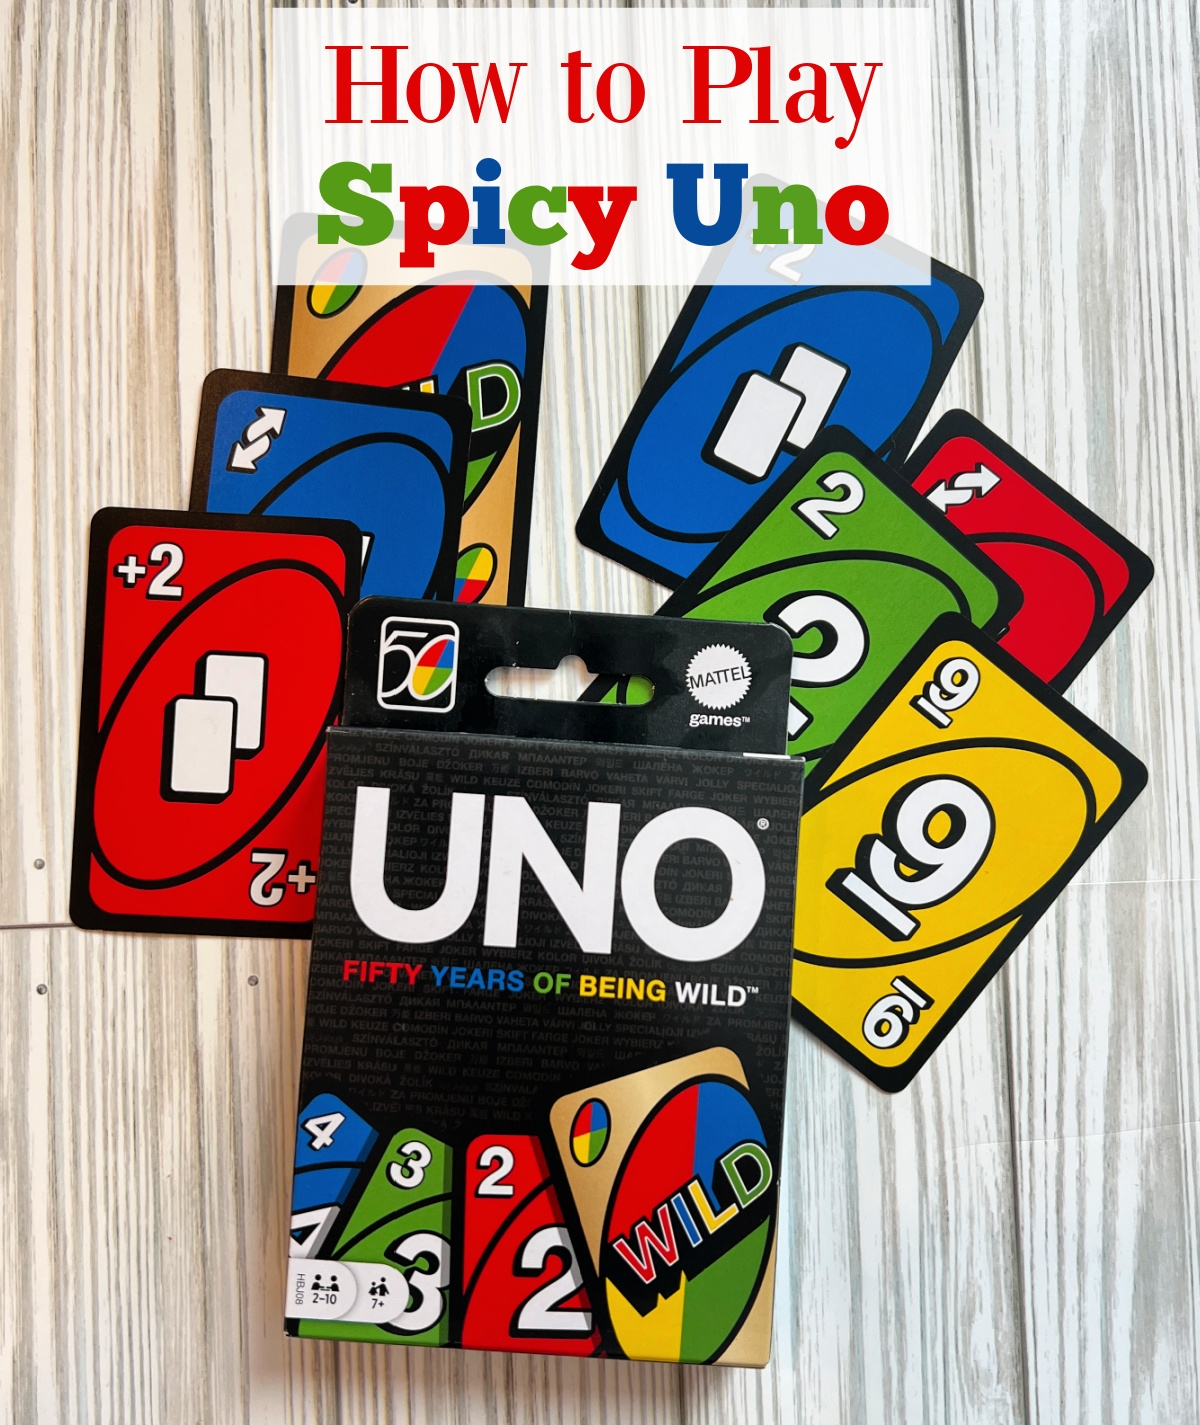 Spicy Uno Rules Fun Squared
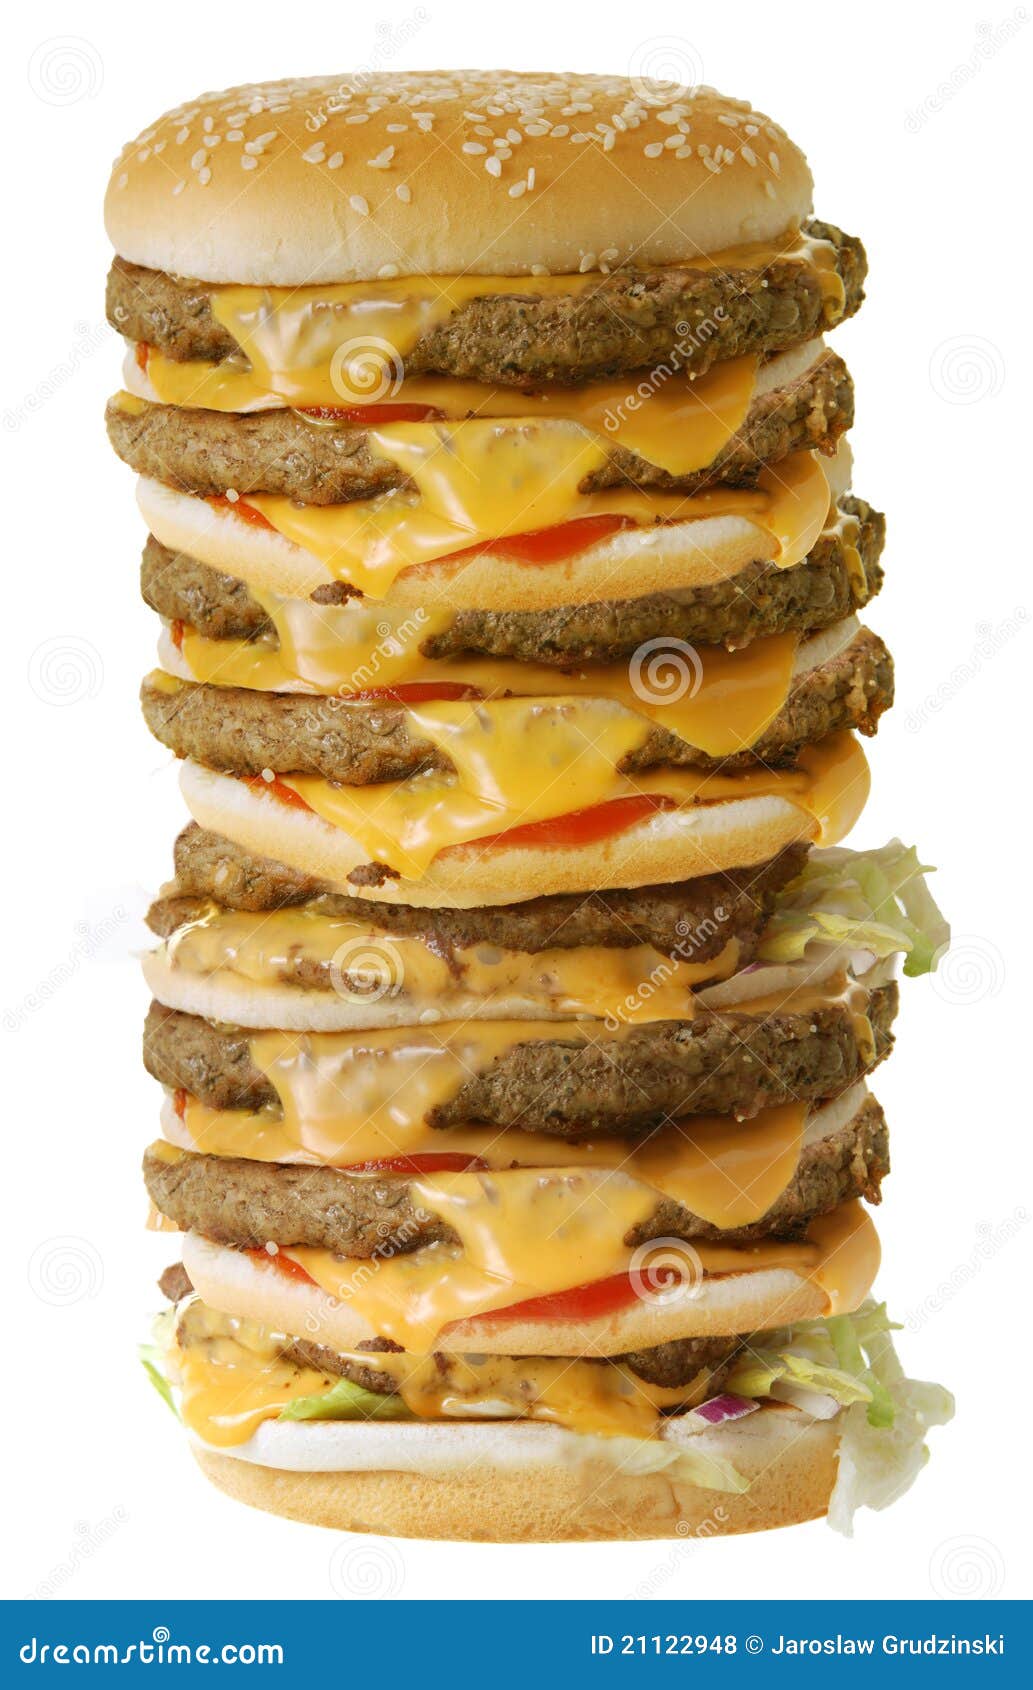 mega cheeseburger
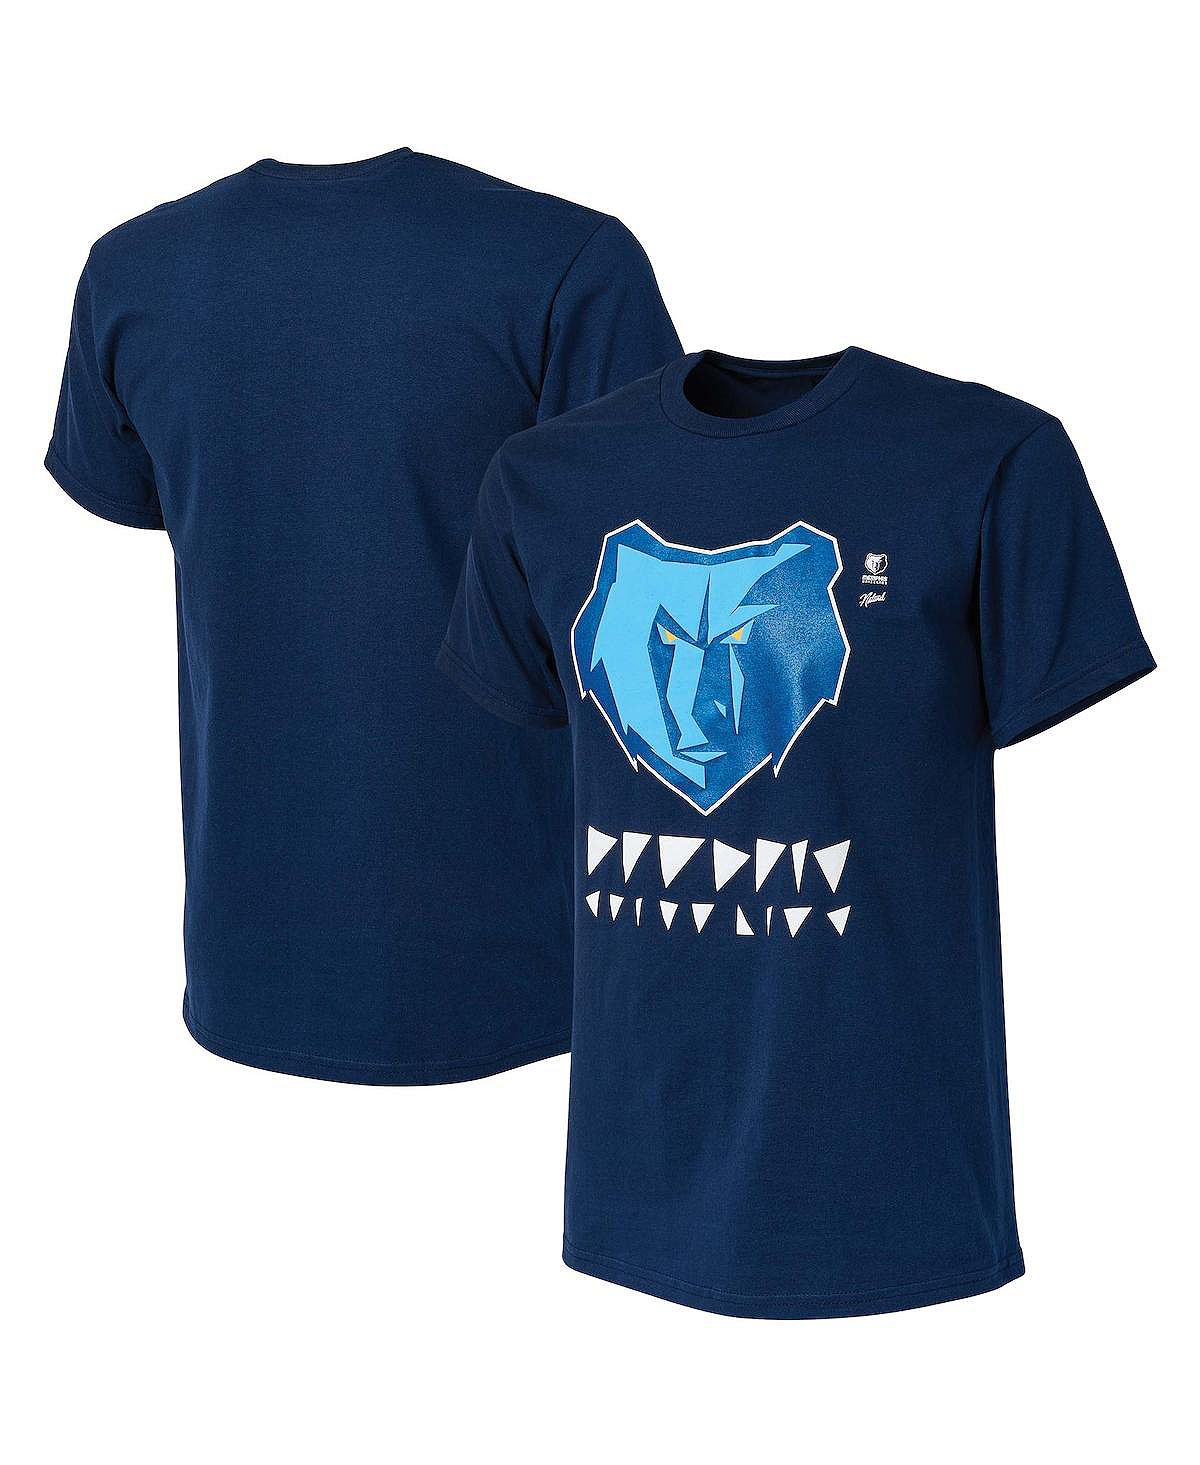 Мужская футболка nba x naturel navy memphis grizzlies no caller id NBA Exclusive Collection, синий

Exercise — The copy should match each line above exactly and contain no images.

Task answer —
 Spicy Uno Rules Fun Squared
 mega cheeseburger
 Мужская футболка nba x naturel navy memphis grizzlies no caller id NBA Exclusive Collection, синий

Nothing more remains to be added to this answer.